* **SOURCE MATERIAL**:
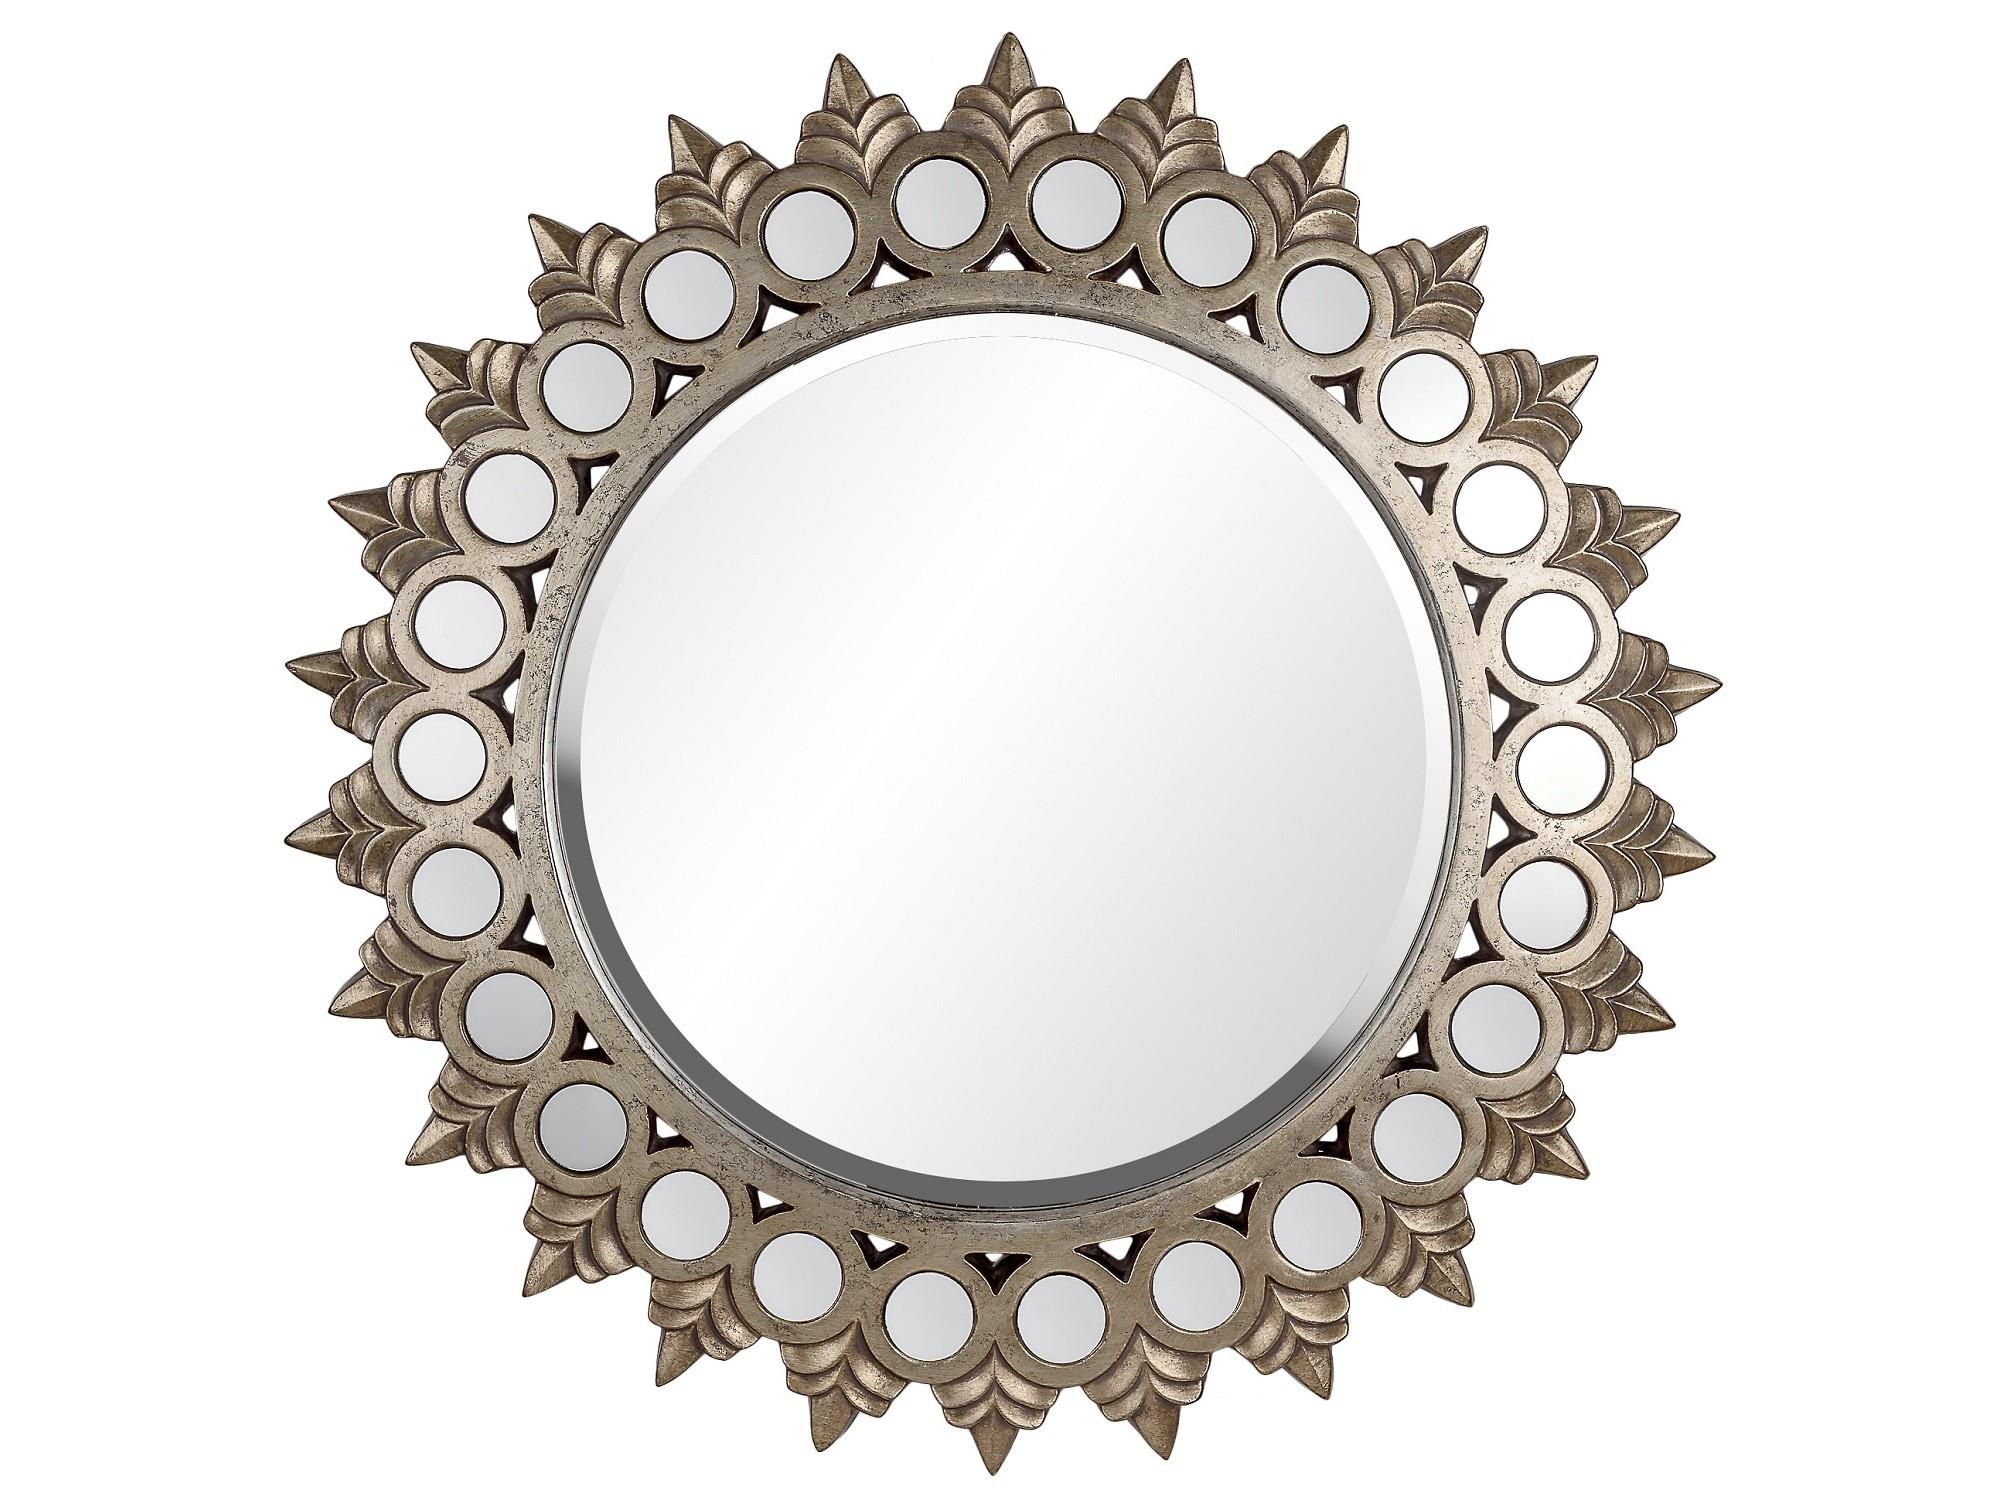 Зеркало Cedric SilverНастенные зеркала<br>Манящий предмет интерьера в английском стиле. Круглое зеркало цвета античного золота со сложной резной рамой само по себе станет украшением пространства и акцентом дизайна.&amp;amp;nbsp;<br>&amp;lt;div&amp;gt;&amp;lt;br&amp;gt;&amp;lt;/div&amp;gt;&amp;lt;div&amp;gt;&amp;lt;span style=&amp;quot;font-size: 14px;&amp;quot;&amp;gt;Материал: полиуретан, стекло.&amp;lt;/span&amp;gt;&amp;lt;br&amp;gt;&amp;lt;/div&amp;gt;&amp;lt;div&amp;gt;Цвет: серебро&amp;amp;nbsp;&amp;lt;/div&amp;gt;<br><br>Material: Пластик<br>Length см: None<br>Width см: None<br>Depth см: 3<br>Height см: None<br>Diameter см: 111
...
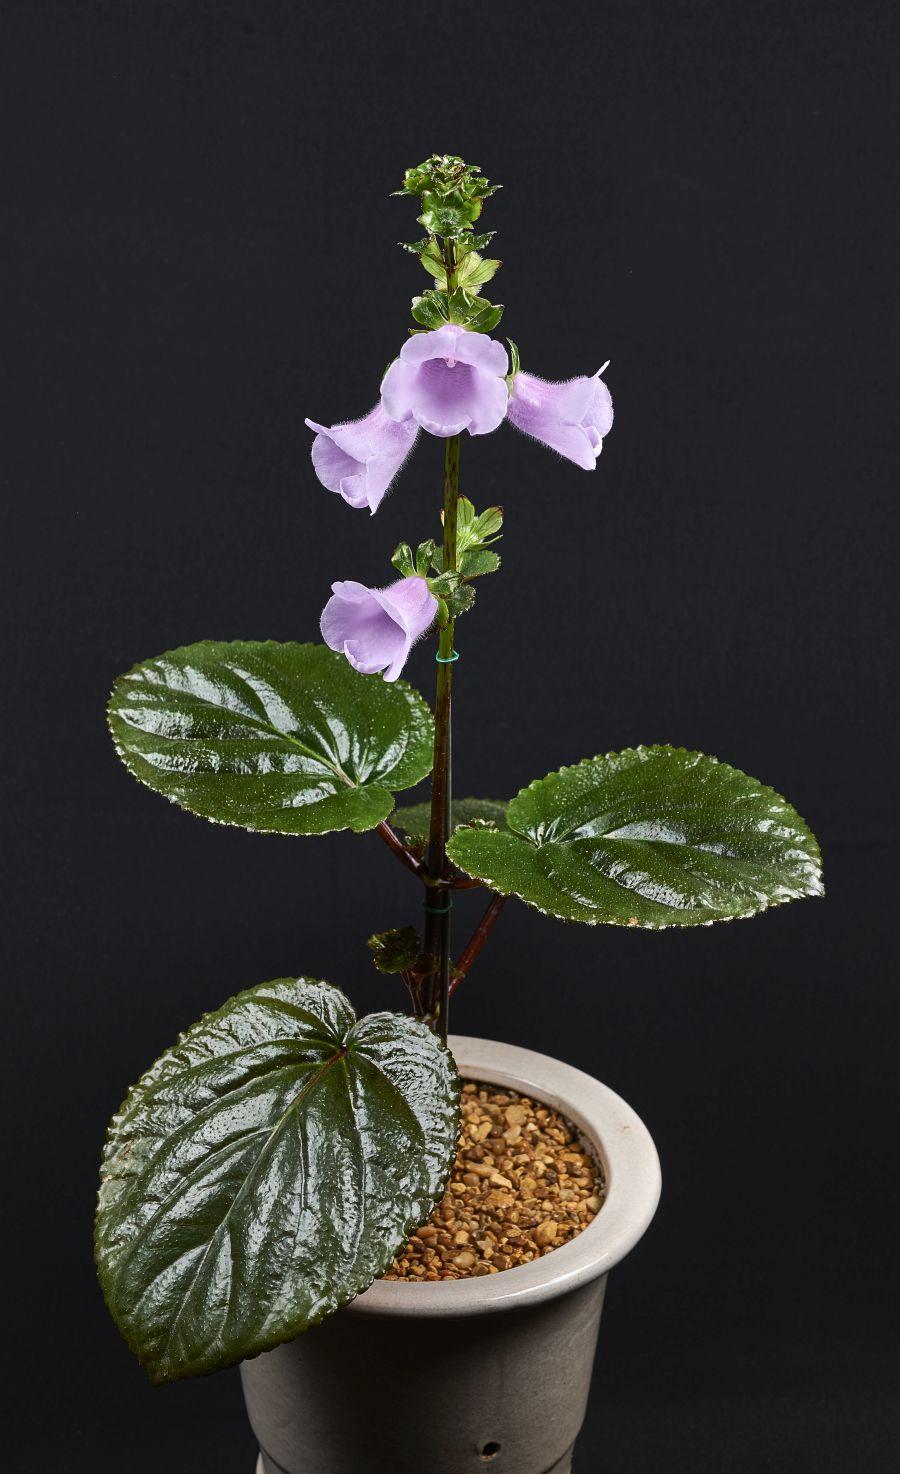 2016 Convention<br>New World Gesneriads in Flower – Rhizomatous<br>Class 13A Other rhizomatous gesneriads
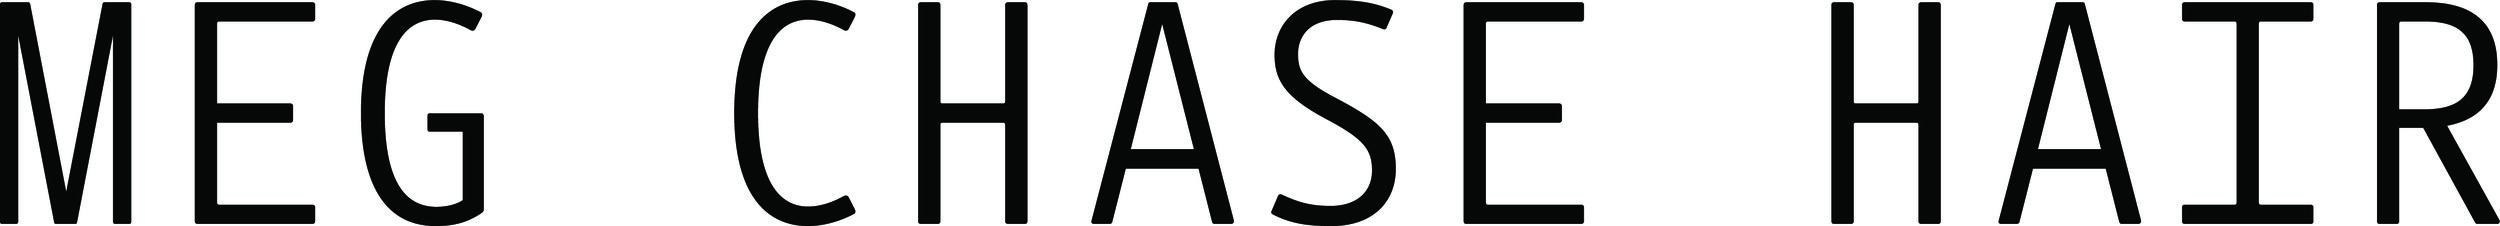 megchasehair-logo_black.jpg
==
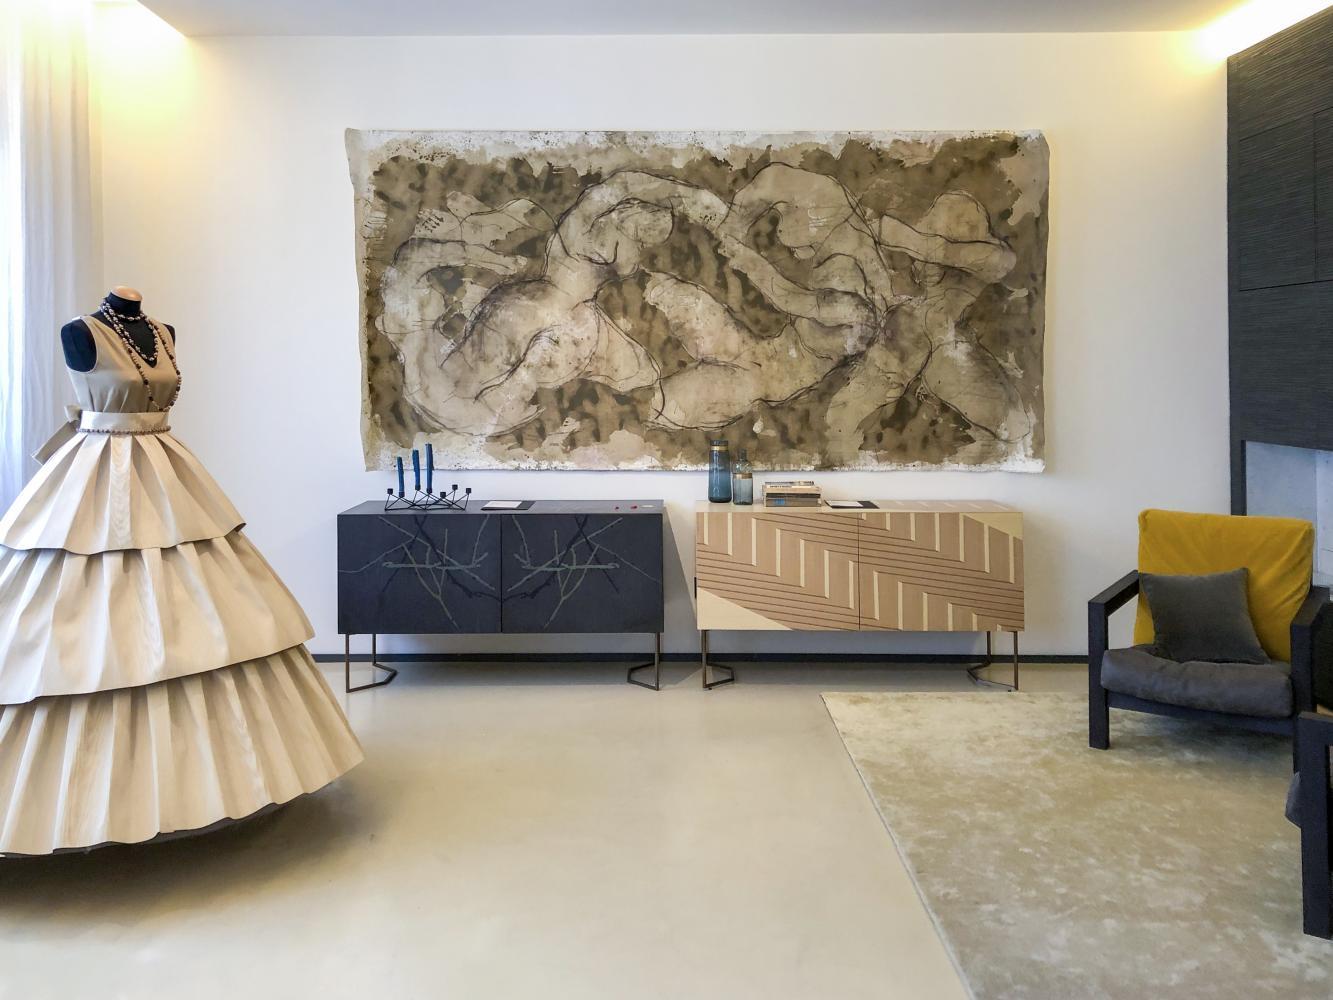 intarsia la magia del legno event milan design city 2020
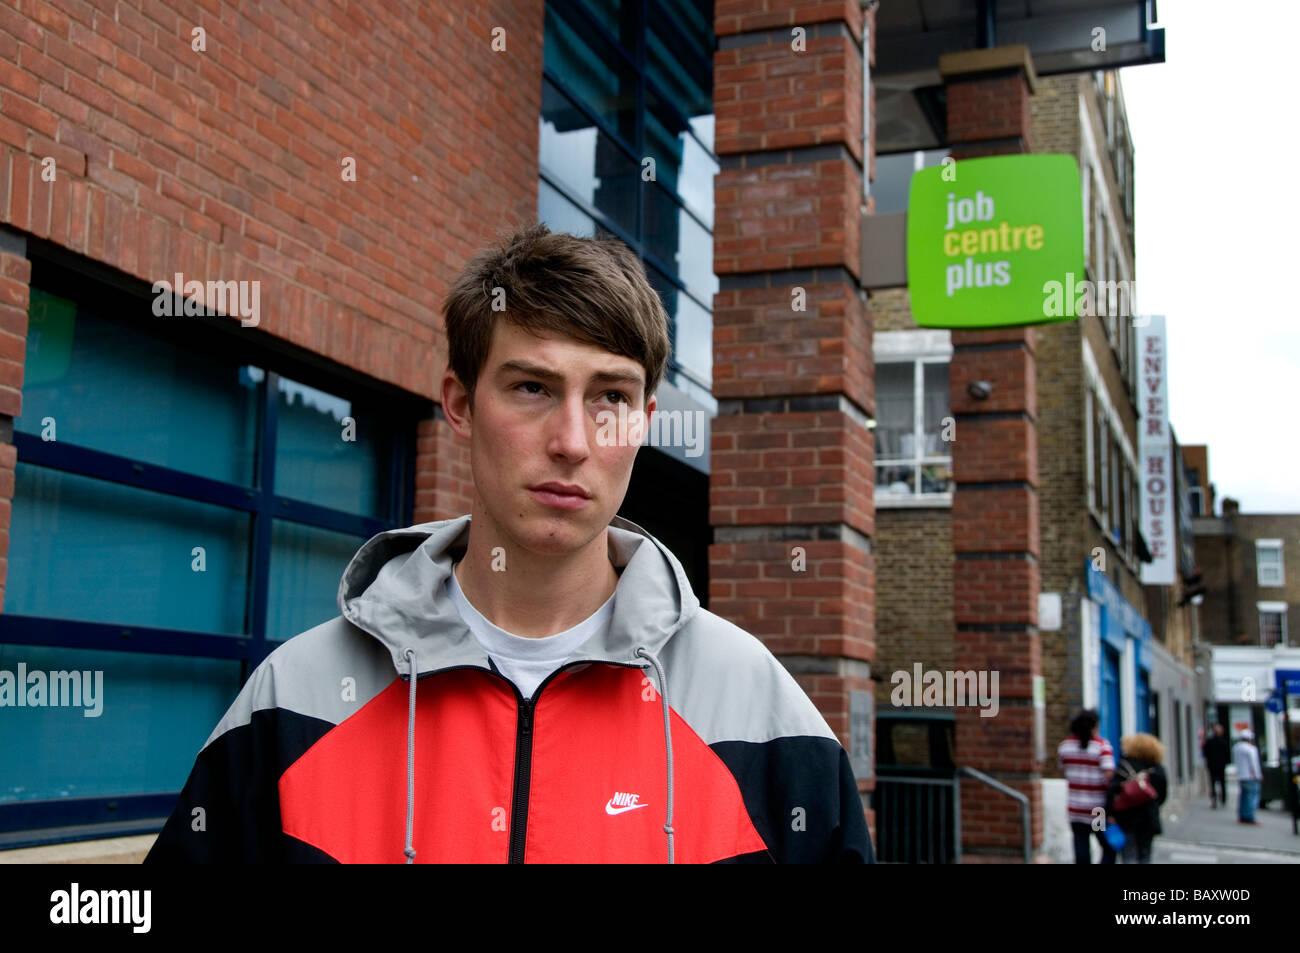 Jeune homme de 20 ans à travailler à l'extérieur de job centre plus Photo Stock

* **TO DO**: In the data above, start at the line holding "2016 Convention<br>New World" and stop after the line holding "megchasehair-logo_black.jpg"; write out those lines exactly, without pictures.

* **TASK RESPONSE**:
 2016 Convention<br>New World Gesneriads in Flower – Rhizomatous<br>Class 13A Other rhizomatous gesneriads
 megchasehair-logo_black.jpg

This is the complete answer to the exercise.